Ignition system problems: spark plugs

At some point — possibly when the words we have ignition from the Kennedy Space Center Firing Room — many of us began to think of the word ignition as synonymous with starting, but that’s not exactly what’s going on with ignition systems. An ignition system is actually about producing a spark that ignites a fuel-air mixture within an engine’s cylinder(s). Ignition happens continually when you’re using a mower. A few components of this system can be culprits when an engine won’t start.

The most common culprit is probably a spark plug that needs cleaning or replacement. Buildup from a constantly exploding engine cylinder will eventually degrade the performance of the plug until it can’t function properly at all. It’s a little easier to diagnose a bad spark plug in an engine that will barely start than one that won’t start at all, and if you’ve recently noticed that your mower makes you pull the starter rope harder, is prone to losing power while running, or starts using more gas than normal, the plug might be the problem. The clearest sign of plug trouble is when your engine will turn over but not actually start.

It’s a good idea to replace them at least once per year, and cleaning or replacing your plugs is a reasonable first step in resolving just about any starting problem. You can try gently cleaning a spark plug with fine-grit sandpaper, a file, or a soft wire brush, and you can use carburetor or plug cleaning spray to help. Just be gentle; damaged plugs will not be kind to your engine. There are other potential plug issues (wrong plug, bad gapping, or a cracked insulator) that might not be worth diagnosing, given that replacing the plug with a new (and correct) one addresses all these issues at once.

Ignition system problems: plug wires and coil

After dealing with the plug, it’s just about time to get serious with your diagnostics. But first, inspect your plug wires for obvious wear or damage. If they appear to be in poor shape, they probably are, which makes replacing them a good idea regardless of whether they are the full cause of your starting troubles. Next, it’s time to verify that your engine isn’t getting a spark. Ground your plug’s threads against a metal part of the engine itself and have someone attempt to start the mower as you observe the plug. If you consistently don’t see a spark, you should start looking at other possible causes.
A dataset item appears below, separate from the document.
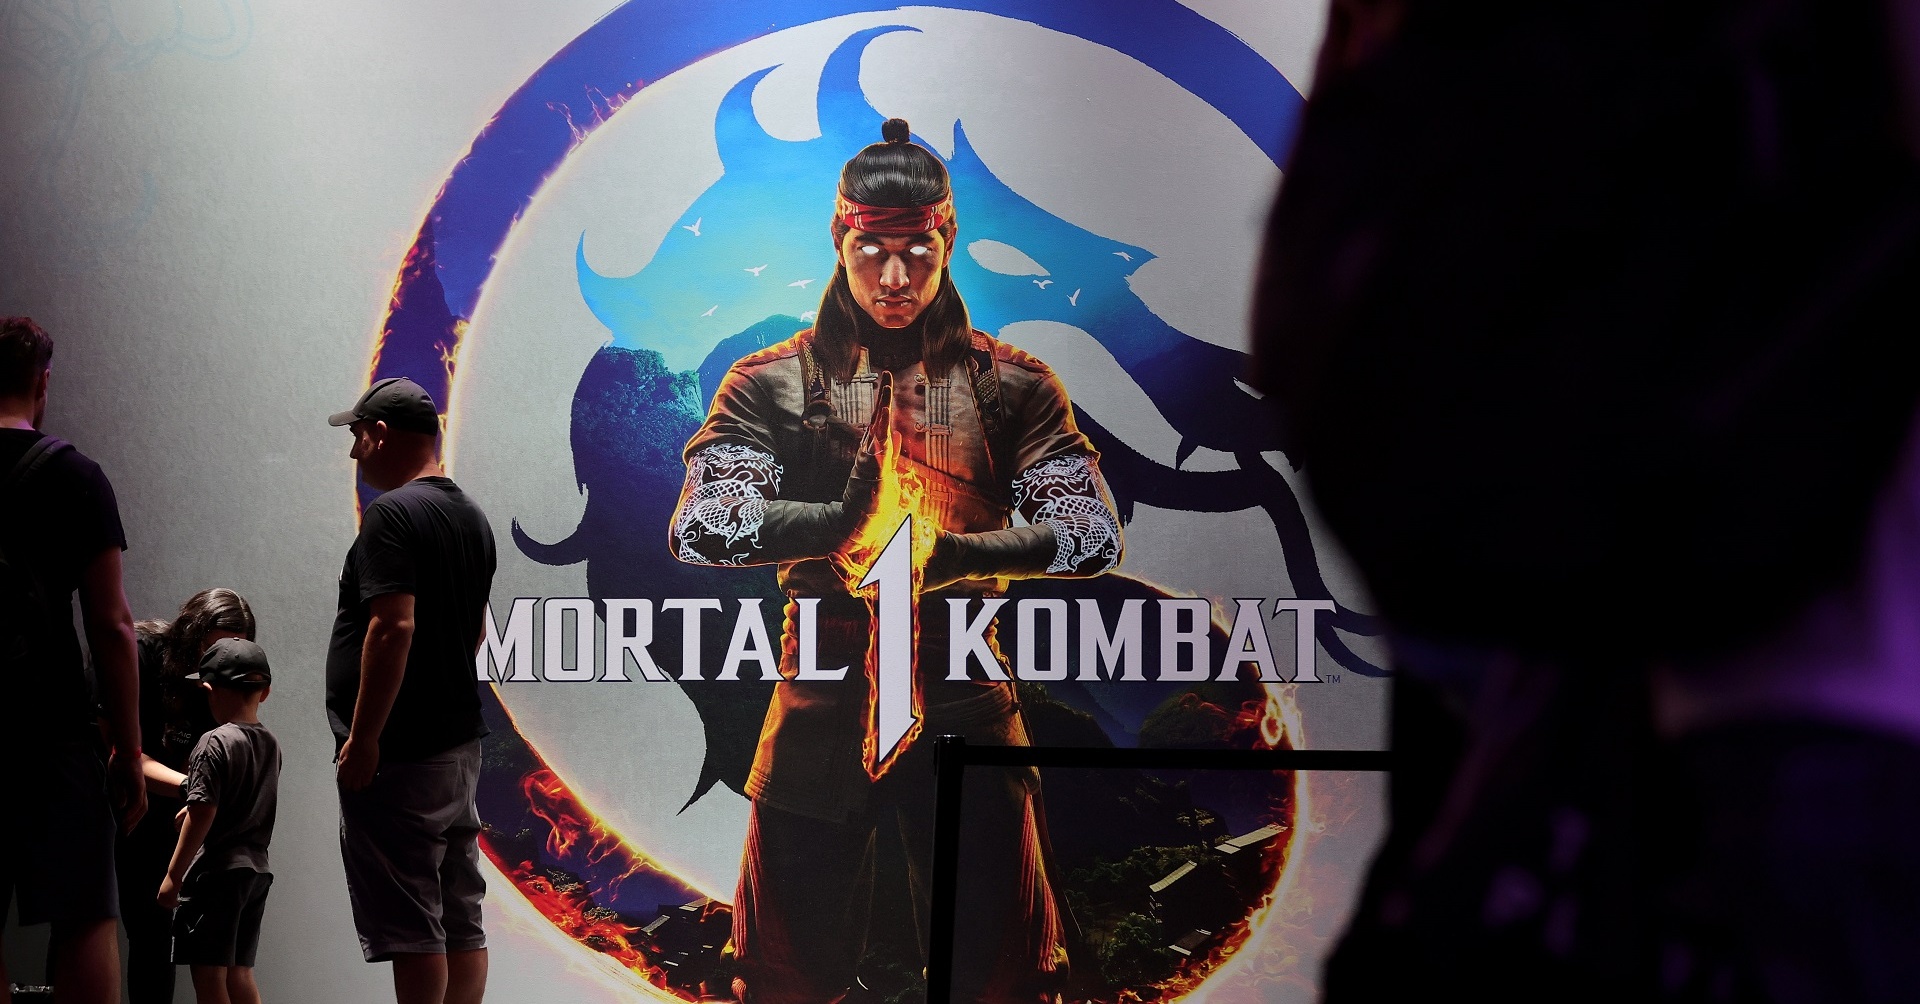   BKFC    ,     Mortal Kombat ()

If your plug wires are in good shape, ensure they’re making good contact with the spark plugs. Clean their terminals and, if necessary, squeeze the terminals slightly with pliers. If your mower has an on/off switch, use an electrical tester to make sure it’s functioning. Switches on mowers with pull cords can be slightly tricky to diagnose, so it might be a good idea to check the on/off function with a multimeter set to continuity mode. The point is that the continuity should change when the switch changes from on to off; some switches might close a circuit when on while others might open the circuit, but there should definitely be a change when the switch, well, switches. Check that the coil control wire connecting the engine to the coil isn’t abraded; if it shorts to the engine, the mower won’t start or run. Finally, consider replacing the coil. These are not user-serviceable, but they are affordable and critical to starting and running your mower.

Batteries die for a living

By far the most common element of the ignition system that can prevent a riding mower’s starting is the battery. Almost 20% — 11.8 million — of Google’s search results for the word battery include the phrase dead battery, because that’s what batteries fundamentally do: expend all their energy and die. And lawn mower batteries are almost always flooded lead acid batteries, which die more easily and more thoroughly than any other sort.
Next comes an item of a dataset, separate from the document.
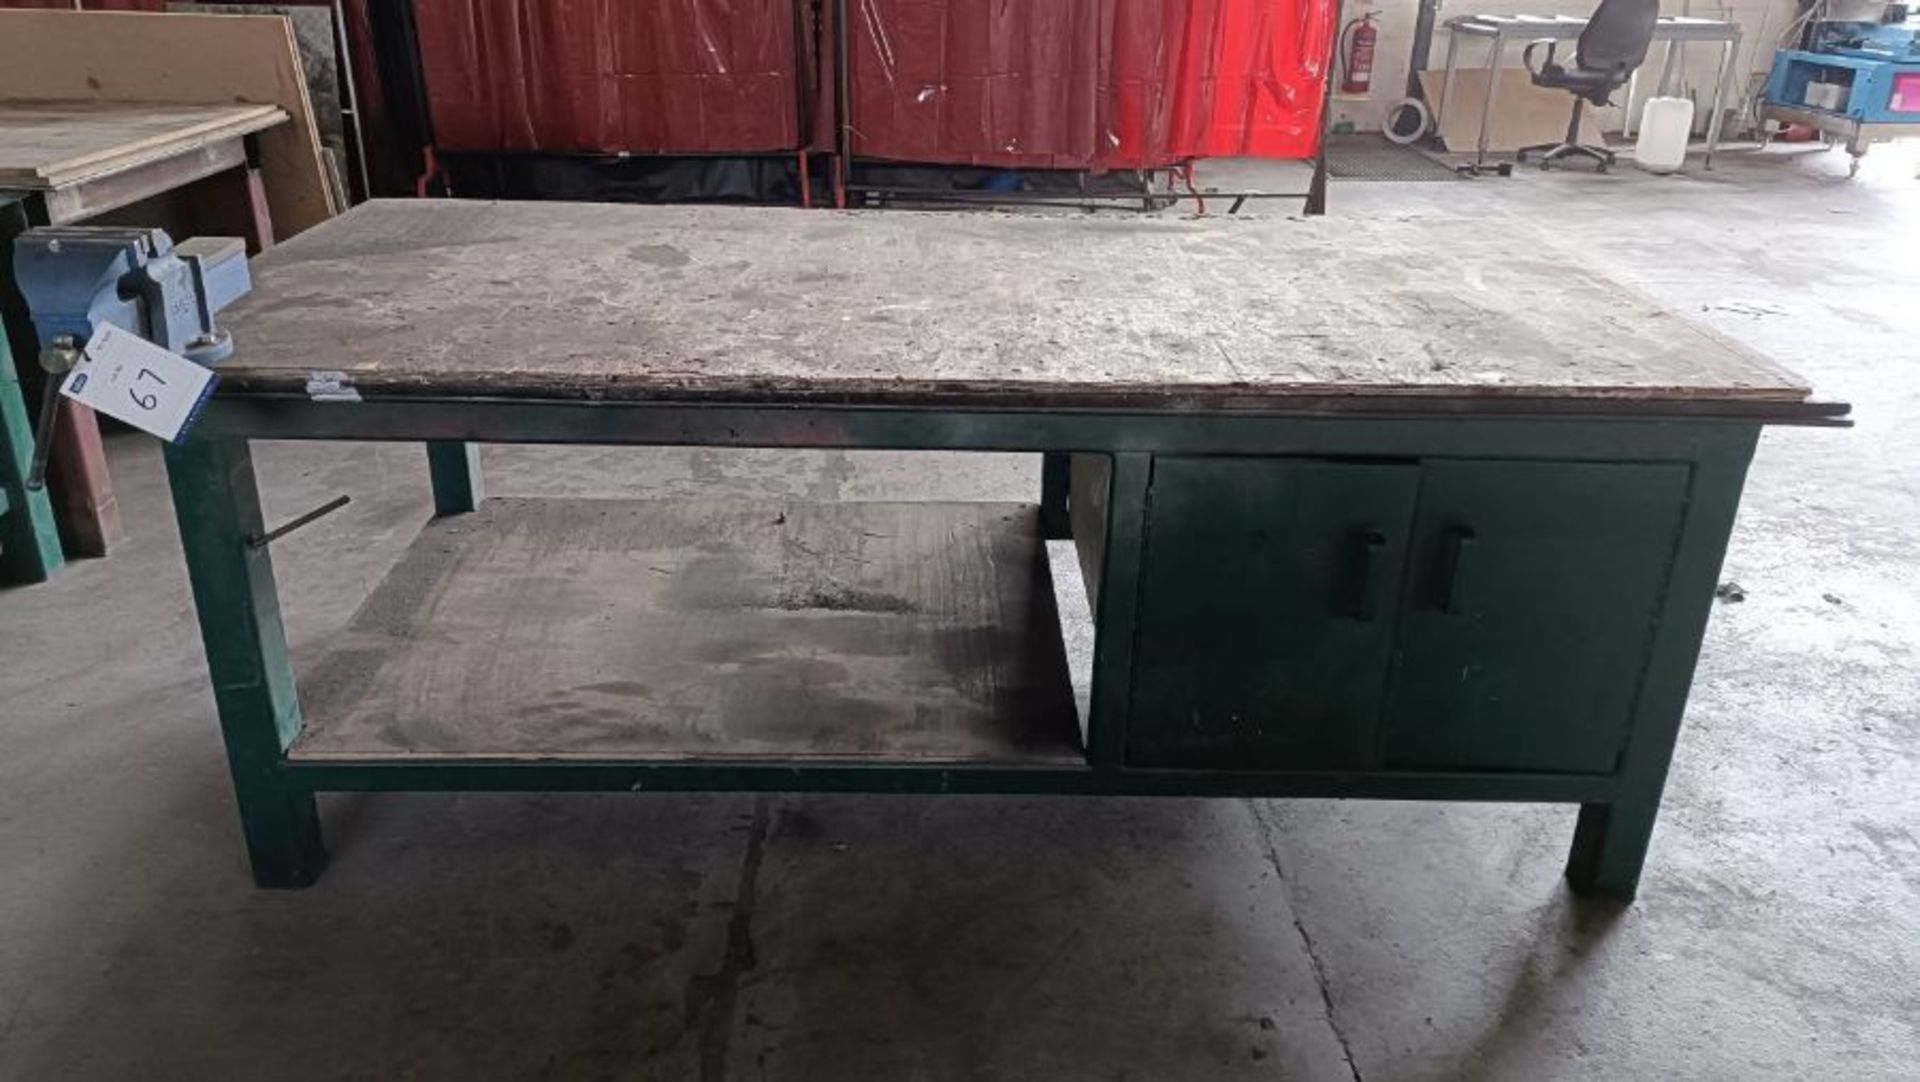 Steel work bench, vice

A lot of the work of fixing a battery problem is the same as properly maintaining the battery to begin with. That is, it’s stuff you should do regularly anyway. So, clean the battery terminals with a wire brush (clamp-on terminals might require a special type of brush, often cone-shaped). Use battery terminal cleaner if it’s necessary, though it rarely is. Make sure all electrical connections are clean and tight. Batteries that haven’t been maintained with a trickle or Smart charger while in storage, such as over the winter, will probably need to be charged and will sometimes even need to be replaced. If your battery is in good condition, check out your alternator and starter. Testing an alternator is simple on equipment with working headlights, as many riding mowers have. Just observe the lights. If they don’t dim when you turn off your engine, you probably have an alternator problem.

After verifying that you have a fully charged battery and a working alternator, check all the wires connected to the alternator and starter for damage. (You can test them with a multimeter if you’re suspicious of their condition.) If everything else checks out, test your solenoid and starter switch using the procedures outlined in this Briggs Stratton guide.

Fuel troubles

Every now and then you’ll see news about a possible perpetual motion machine devised in a scientist’s lab (or mind), but until you can pick one up at Home Depot, you’re going to be dealing with fuel for your lawn mower. This usually means gasoline, and there are a few common points of failure small engines can experience when trying to get fuel from the tank to where it’s needed for internal combustion.

First, make sure you have gas in the tank to begin with. This gets overlooked more often than you might guess, especially when you’re already half-expecting other mower problems and your brain primes the pump by framing everything in that context. Next, examine the age of the gas in use. Did you buy the mower used? Has it been in storage for more than a couple of months? Has the gas itself been sitting in the gas can for a while? Gas can go south in as little as a month, so if someone’s telling you it can sit for two years (a common number in mower lore) without chemical assistance or consequence, you should take your maintenance advice from someone else.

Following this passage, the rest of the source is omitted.